Rent Watch: Are Hi-Rise Apartment Rates About to Decline (More) in Downtown Chicago?
Occupancy is sliding as rentals hit the lowest numbers since 2009, the first big dip in four years. Are we seeing the early trickles of a renter's market?
It's the numbers that make landlords cringe and apartment hunters go hmmmm. The downtown development boom has been very, very good, a feather in the city's cap as new construction, the promise of more jobs, and the need for high-end apartment housing made a pretty intersection.
But there's a new chapter in the queue. According to Crain's, a report from Chicago-based Appraisal Research Counselors says demand is taking a dive. Occupancy is at 92.6 percent, a decrease from 95.3 percent just a year ago.
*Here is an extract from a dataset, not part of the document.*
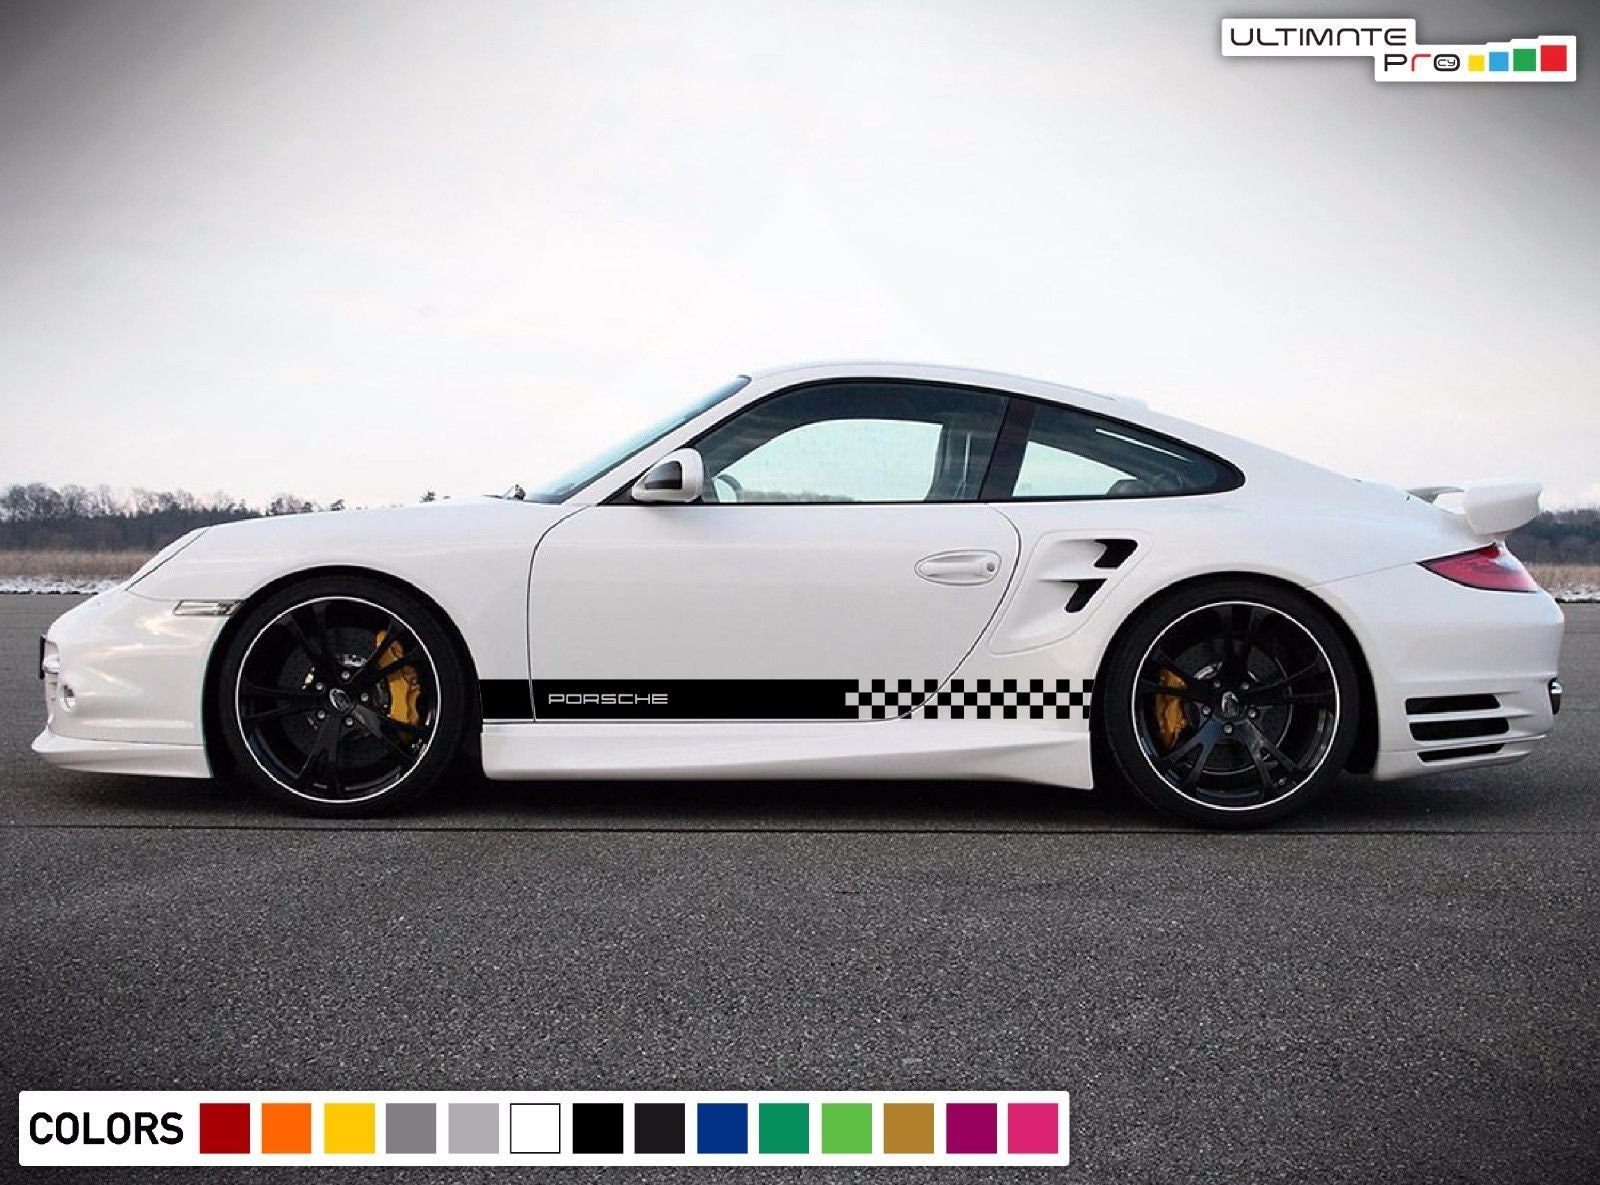 Sticker Decal Vinyl Side Door Stripes For Porsche 911 997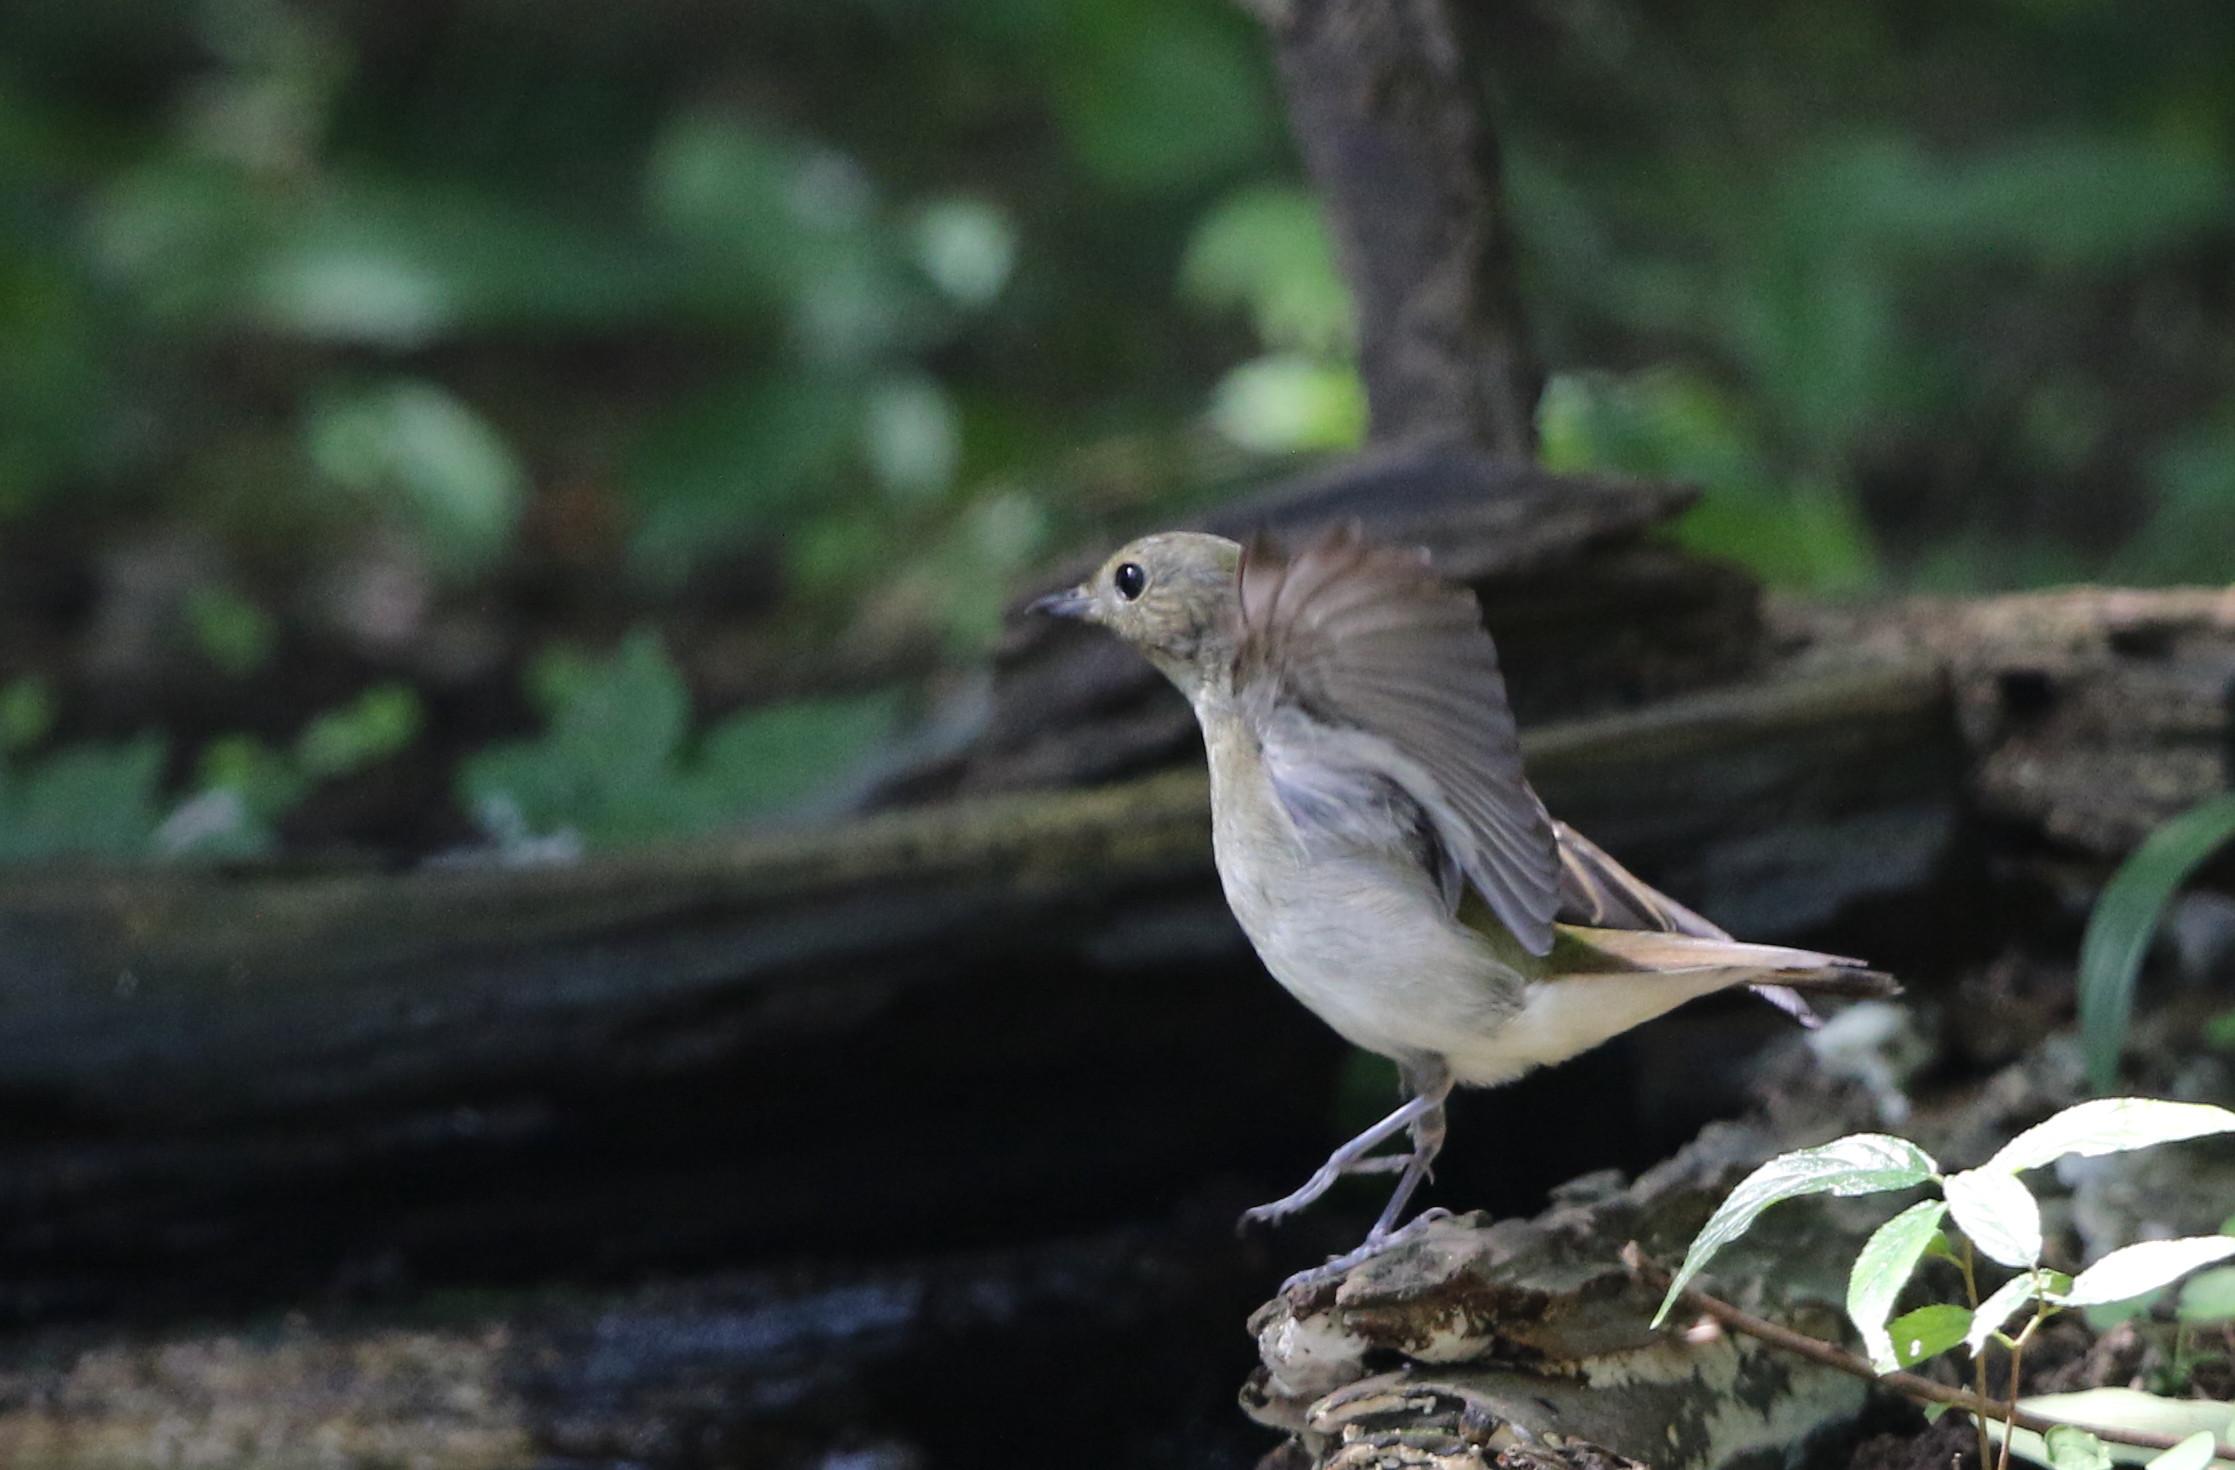 MFの森の水場にてキビタキ2羽幼鳥?_f0239515_15201922.jpg

And the absorption rate could set off some tiny alarm bells: overall occupancy is at 900 units, numbers not seen since 2005, according to the report.
It's a measurement of demand, one that could give landlords the jitters.
Appraisal Research vice president Ron DeVries told Crain's the market has peaked. The amount of units coming online versus growth is "out of balance," he said, sniffing "turbulence" in the air. Consider Class A buildings. Rates are currently down 1.9 percent from 2012 offers and now fetch $2.53 per square foot.
Chicago renters are hit paying 21 percent more at this price point, so don't expect them to argue as these rates retreat. Plus, Devries had another optimistic note for would-be city dwellers: he expects rents to tumble an additional 3 percent.
If rents are peaking on the luxe end, that could put pressure on landlords to entice would-be renters with concessions, the kind that make you want to kiss a two-year lease. There's plenty of competition, always an excellent climate.
And yet, developers are still cranking, with 4,000 more apartments in the pipeline readying for a 2015 debut. On the horizon, though, is a dark horse to watch: the condo market is definitely in play. If the numbers suggest owning downtown is the better option over renting, that could steal away some prospects.